L’art. 6 co. 2 D. lgs. n. 231/2001 elenca le caratteristiche indefettibili dei modelli organizzativi, che hanno rappresentato per il legislatore il prototipo nell’ideazione dei PTPCT nelle amministrazioni pubbliche.

Si osserva che i modelli organizzativi 231 generalmente si compongono di due parti: la parte generale descrive l’assetto organizzativo dell’ente, le attività più rischiose, il regolamento e la disciplina dell’Organismo di vigilanza, la disciplina dei flussi informativi, le strategie di formazione dei destinatari e il sistema sanzionatorio; la parte speciale individua, per ciascun gruppo omogeneo di reati, le attività sensibili, i protocolli di comportamento e i presidî di controllo volti a prevenire e gestire il rischio di verificazione del reato[71].

Si deve però notare che il legislatore non ha definito i contenuti essenziali dei modelli organizzativi, diversamente da quanto fatto nell’art. 30 D. lgs. 9 aprile 2008, n. 81 che ha dettato i contenuti dei modelli di organizzazione e di gestione in materia di sicurezza del lavoro. Si sarebbe quindi potuto meglio orientare la capacità auto-organizzativa dell’ente, fulcro indefettibile di un sistema di prevenzione, dal momento che tale lacuna, unita alla difficile tenuta del modello organizzativo in sede di giudizio penale, può portare ad una sostanziale vanificazione dell’intero “Sistema 231”.

 

2.3.    L’organismo di vigilanza e il responsabile della prevenzione della corruzione

 

L’art. 6, co. 1 lett. b) D. lgs. n. 231/2001 attribuisce ad un organismo dell’ente, dotato di autonomi poteri di iniziativa e di controllo, il compito di vigilare sul funzionamento e l’osservanza dei modelli e di curare il loro aggiornamento.

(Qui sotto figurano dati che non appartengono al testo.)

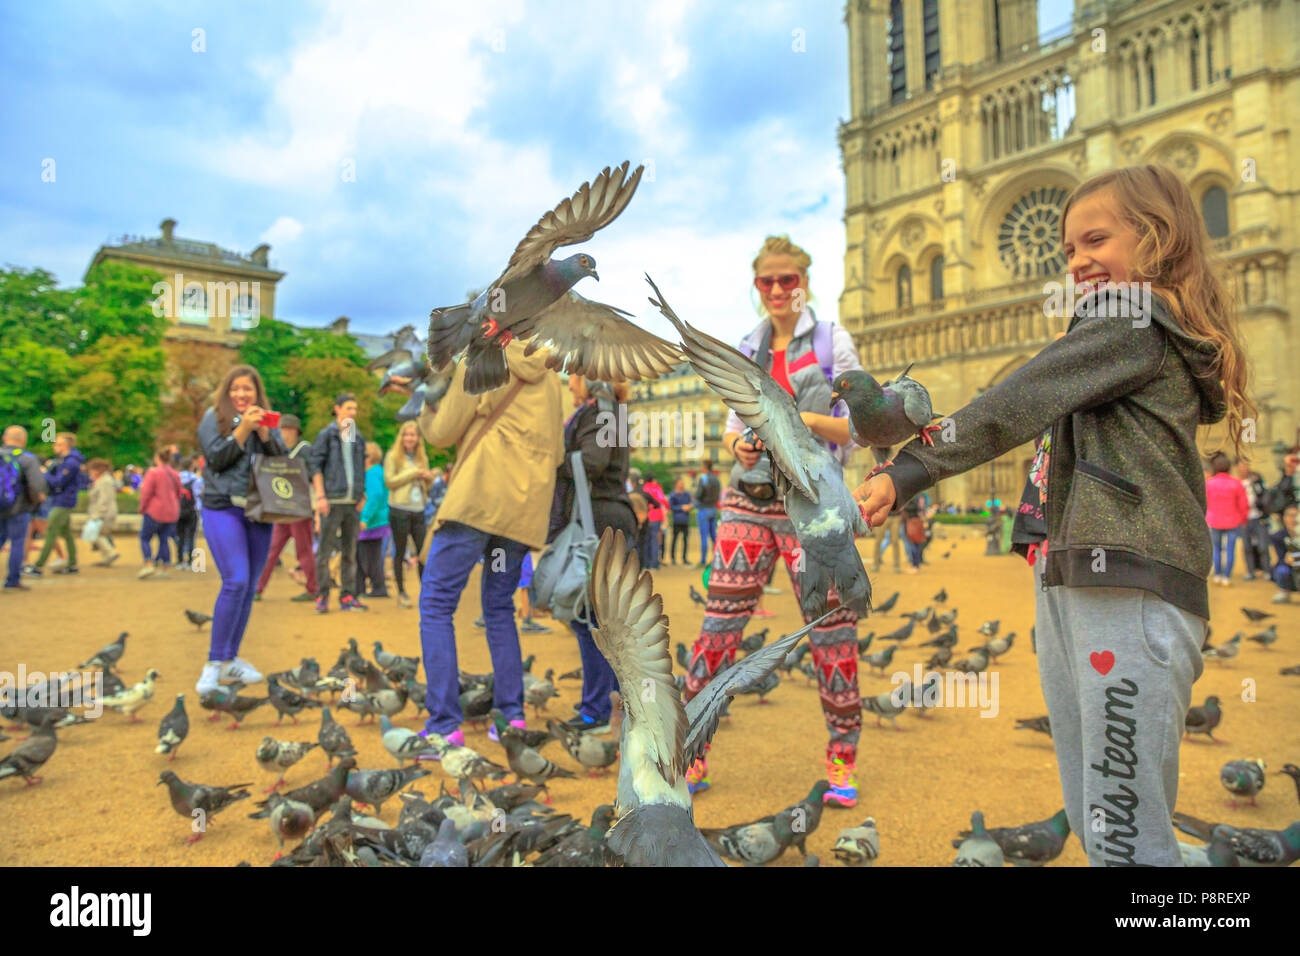 Paris, France - July 1, 2017: Happy child feeds pigeons in Notre Dame square full of people. Young tourist enjoys in Paris. Popular tourist destination in French capital. The Cathedral on background. Stock Photo

L’OdV deve essere un organismo autonomo ed imparziale rispetto agli altri organi della società[72], dotato di un’ampia gamma di poteri di ispezione e di sorveglianza. Inoltre la sua struttura deve essere modulata sulla base della complessità aziendale[73].

L’attribuzione dei poteri all’OdV è fortemente condizionata dalle modalità di nomina dei membri, dalla monocraticità o collegialità dell’Organismo, dai suoi rapporti con la governance dell’impresa, tenendo conto che l’incisività dei poteri dell’OdV assume un grande rilievo nella valutazione dell’adeguatezza ed efficacia del Modello[74].

Le migliori prassi hanno individuato i tre requisiti essenziali che l’Organismo di Vigilanza dovrebbe possedere: autonomia e indipendenza, professionalità e continuità d’azione[75].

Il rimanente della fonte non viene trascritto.